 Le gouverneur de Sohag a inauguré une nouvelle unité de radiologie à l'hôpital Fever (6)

**********

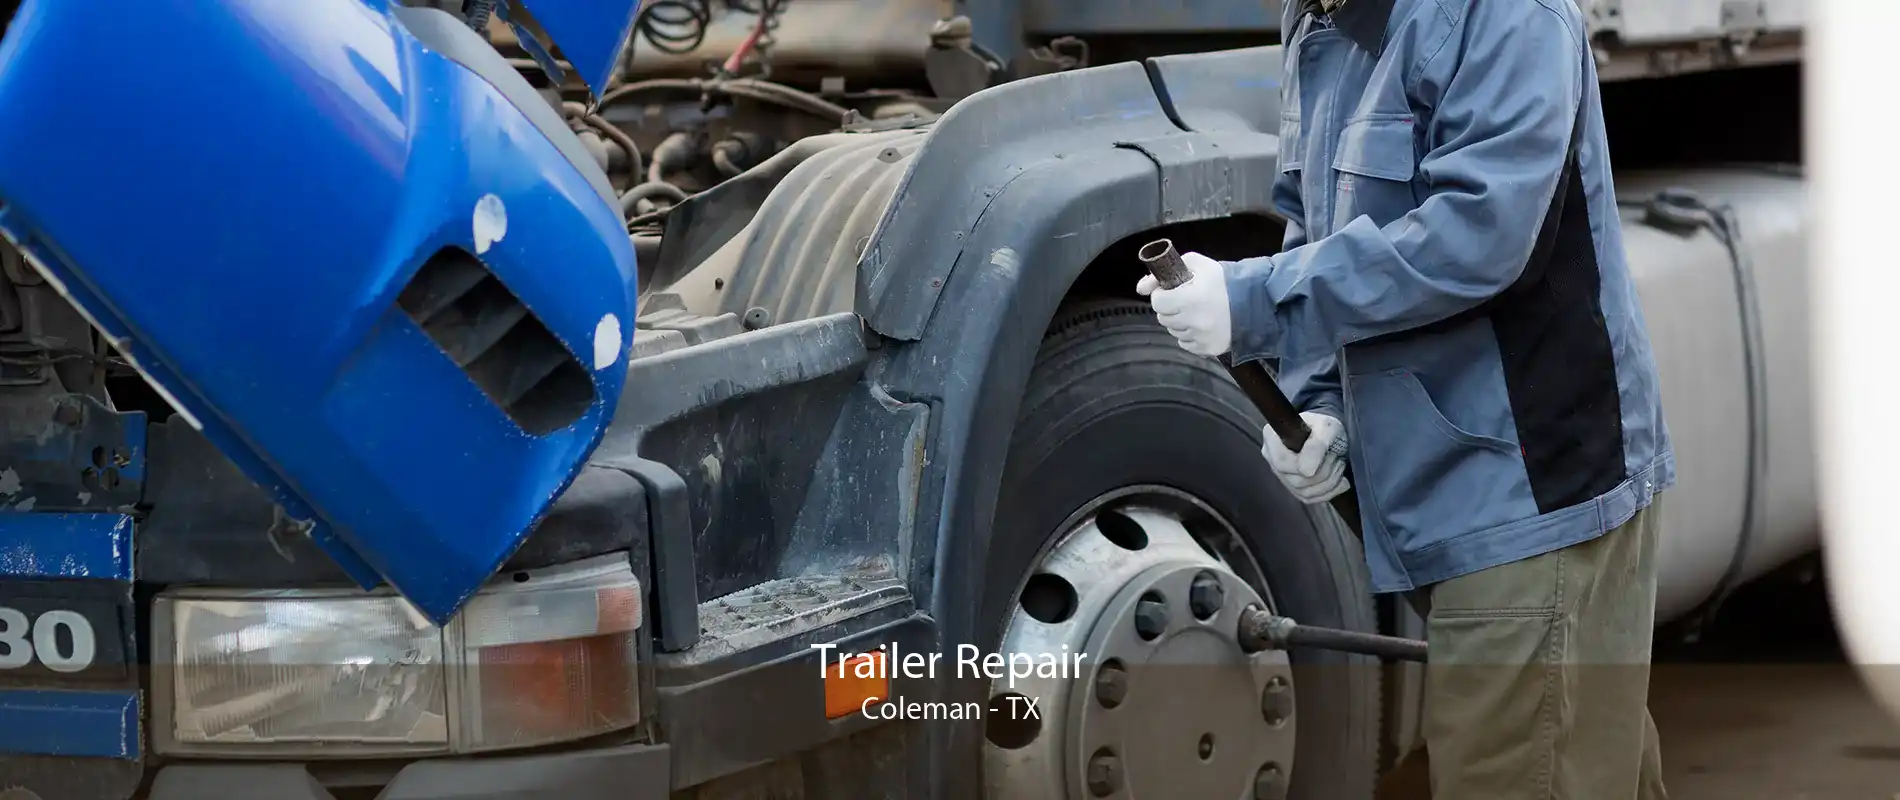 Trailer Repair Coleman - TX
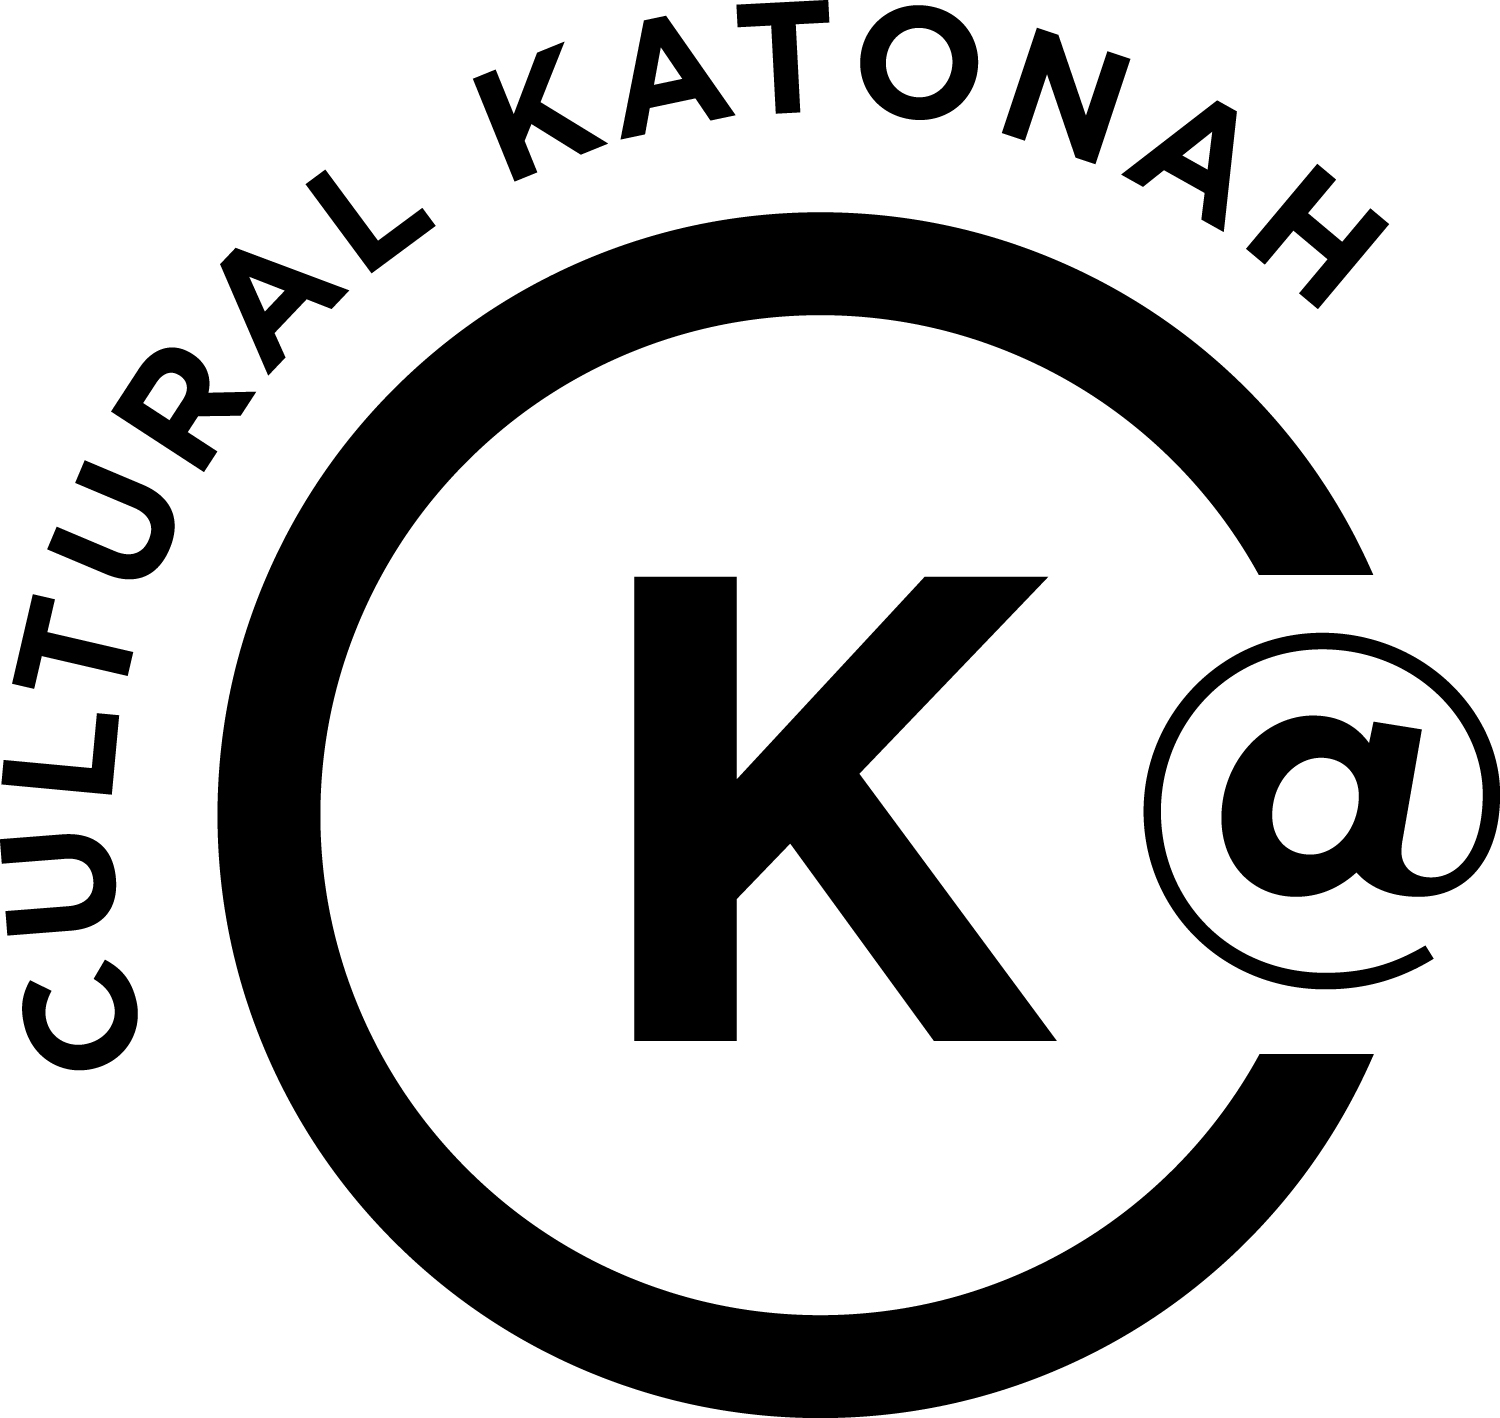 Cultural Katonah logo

**********

Your assignment
Return exactly the lines that appear in the data above between the line containing "Trailer Repair Coleman - TX" and the line containing "Cultural Katonah logo", both of which are included, and leave the pictures out.

Completed task
 Trailer Repair Coleman - TX
 Cultural Katonah logo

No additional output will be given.